Jung also remained practically engaged with the subject for the whole of his life. In the late 1920s and early 1930s, when the Austrian physical medium Rudi Schneider was being studied under controlled conditions in European laboratories (Harry Price in London, Eugène Osty in Paris), Jung attended several sittings and described individual phenomena as "not explicable". He corresponded with the American medium Eileen Garrett, who visited him in Zurich, and in 1950 wrote the foreword to Fanny Moser's book Spuk: Irrglaube oder Wahrglaube? – a methodologically serious collection of haunting reports from the German-speaking world. From the student who had recorded the Helly séances, a senior researcher had emerged who had never quite abandoned the practice.
One concrete public document of this late opening is Jung's foreword to the German edition of Stewart Edward White's The Unobstructed Universe, published in 1948 as Uneingeschränktes Universum by Rascher in Zurich. White had written about mediumistic sittings with his deceased wife Betty. In the foreword Jung writes with unusual openness: the purely psychological hypothesis – that everything is projection of the unconscious – does not suffice to explain the reported phenomena; the parapsychological hypothesis of an actual survival of consciousness beyond death can no longer be excluded from a scientific point of view. This is not the statement of a convert, but it is Jung's furthest public step towards the survival hypothesis.
The family's criticism
In 1975 the book C. G. Jung's Medium. The Story of Helly Preiswerk by Stefanie Zumstein-Preiswerk – a relative – appeared. The core criticism: Jung had pathologised the Spiritualist side of his cousin too quickly, had translated the meaning of the phenomena too early into a psychological model, and had thereby also damaged Helly personally. In the small society of Basel she was known after the publication of the dissertation as "the mentally ill one in the family". Helly Preiswerk died in 1911 at only 30. This criticism is part of the picture; without it, Jung's relationship to mediumship is not fully told.
Why Jung matters for mediumship
- Academic recognition as a research subject. With Jung, mediumship was for the first time treated systematically at a medical faculty in the German-speaking world – not as esoterica but as data.
- A bridge instead of a front line. Jung remained between Spiritualism and materialism and thereby created the language in which the subject can be discussed at all today: complex, archetype, synchronicity, collective unconscious.
- Depth psychology out of the séance protocol. Without Helly Preiswerk no analytical psychology in its present form. Jung said so himself, repeatedly.

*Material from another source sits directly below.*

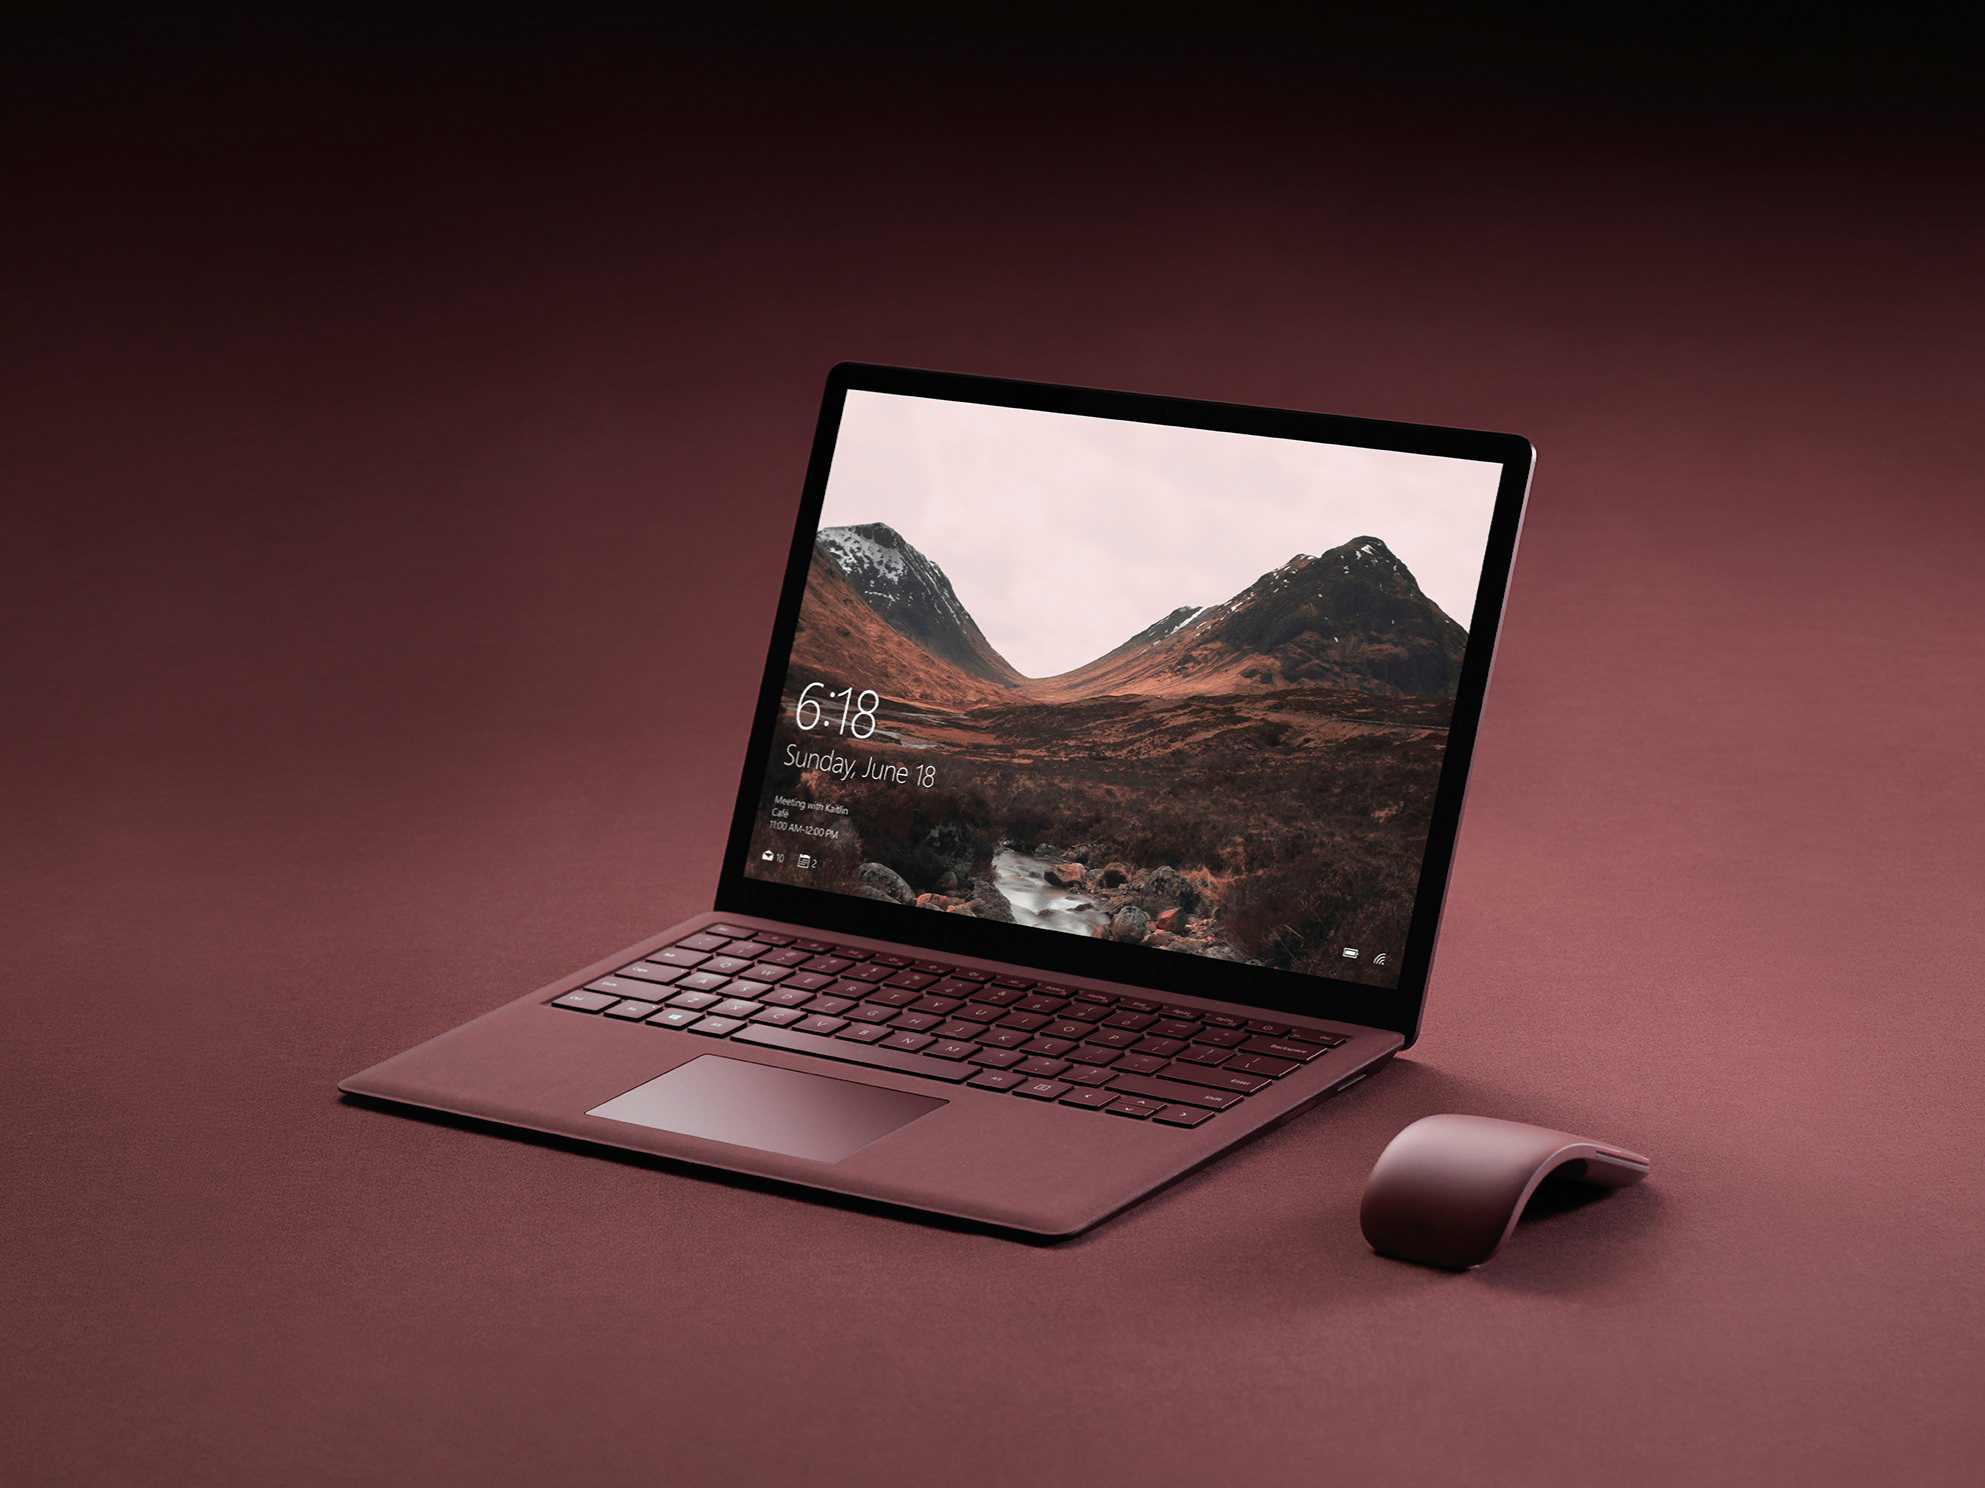 New Surface Laptop images and details leaked ahead of launch

- Continuity with later research. The line runs from Jung onwards into present-day experimental work – see our articles on Gary Schwartz / VERITAS, Julie Beischel / Windbridge and the Tressoldi meta-analysis.

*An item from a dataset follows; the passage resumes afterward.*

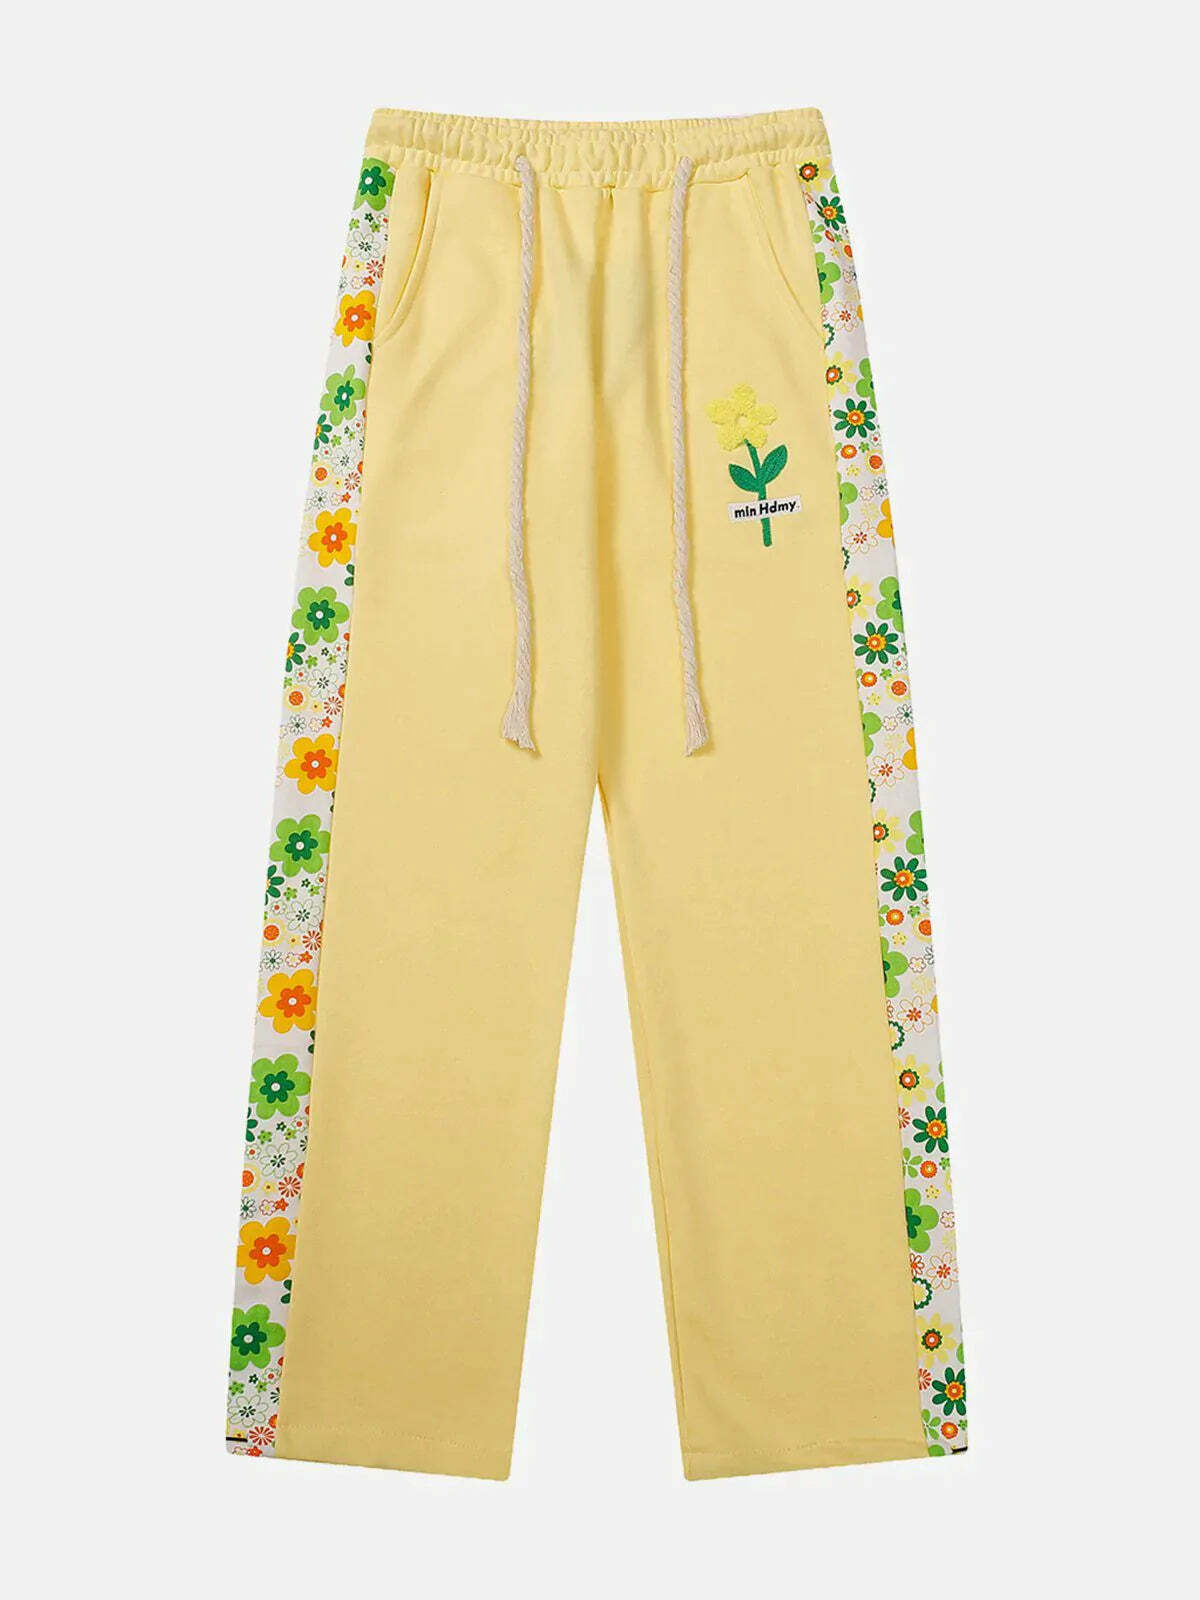 floral side stripe pants casual chic & vibrant 5322

For the broader biographical frame, see our article on Mediumship in Switzerland – there Jung stands alongside Paracelsus and the old Alpine healing tradition as the academic bridgehead of the 20th century.
Sources
- C. G. Jung: Zur Psychologie und Pathologie sogenannter occulter Phänomene. Dissertation, University of Basel, 1902 (available online).
- C. G. Jung: Memories, Dreams, Reflections. Recorded and edited by Aniela Jaffé, Rascher / Pantheon, 1962 – including the report on the 1898 incidents and the 1916 Sermones episode.

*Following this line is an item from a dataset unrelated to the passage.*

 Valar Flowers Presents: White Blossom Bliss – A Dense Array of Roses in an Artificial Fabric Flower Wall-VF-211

- C. G. Jung: Liber Novus. The Red Book. Edited and with commentary by Sonu Shamdasani, W. W. Norton, 2009.
- C. G. Jung: Foreword to Stewart Edward White, Uneingeschränktes Universum. Rascher, Zurich 1948 (English original: The Unobstructed Universe, Dutton, New York 1940). Also in: Collected Works, vol. 18.
- Fanny Moser: Spuk: Irrglaube oder Wahrglaube?. With a foreword by C. G. Jung. Gyr-Verlag, Baden bei Zürich 1950.
- Stefanie Zumstein-Preiswerk: C. G. Jungs Medium. Die Geschichte der Helly Preiswerk. Kindler, Munich, 1975.
- Sonu Shamdasani: Jung and the Making of Modern Psychology. The Dream of a Science. Cambridge University Press, 2003.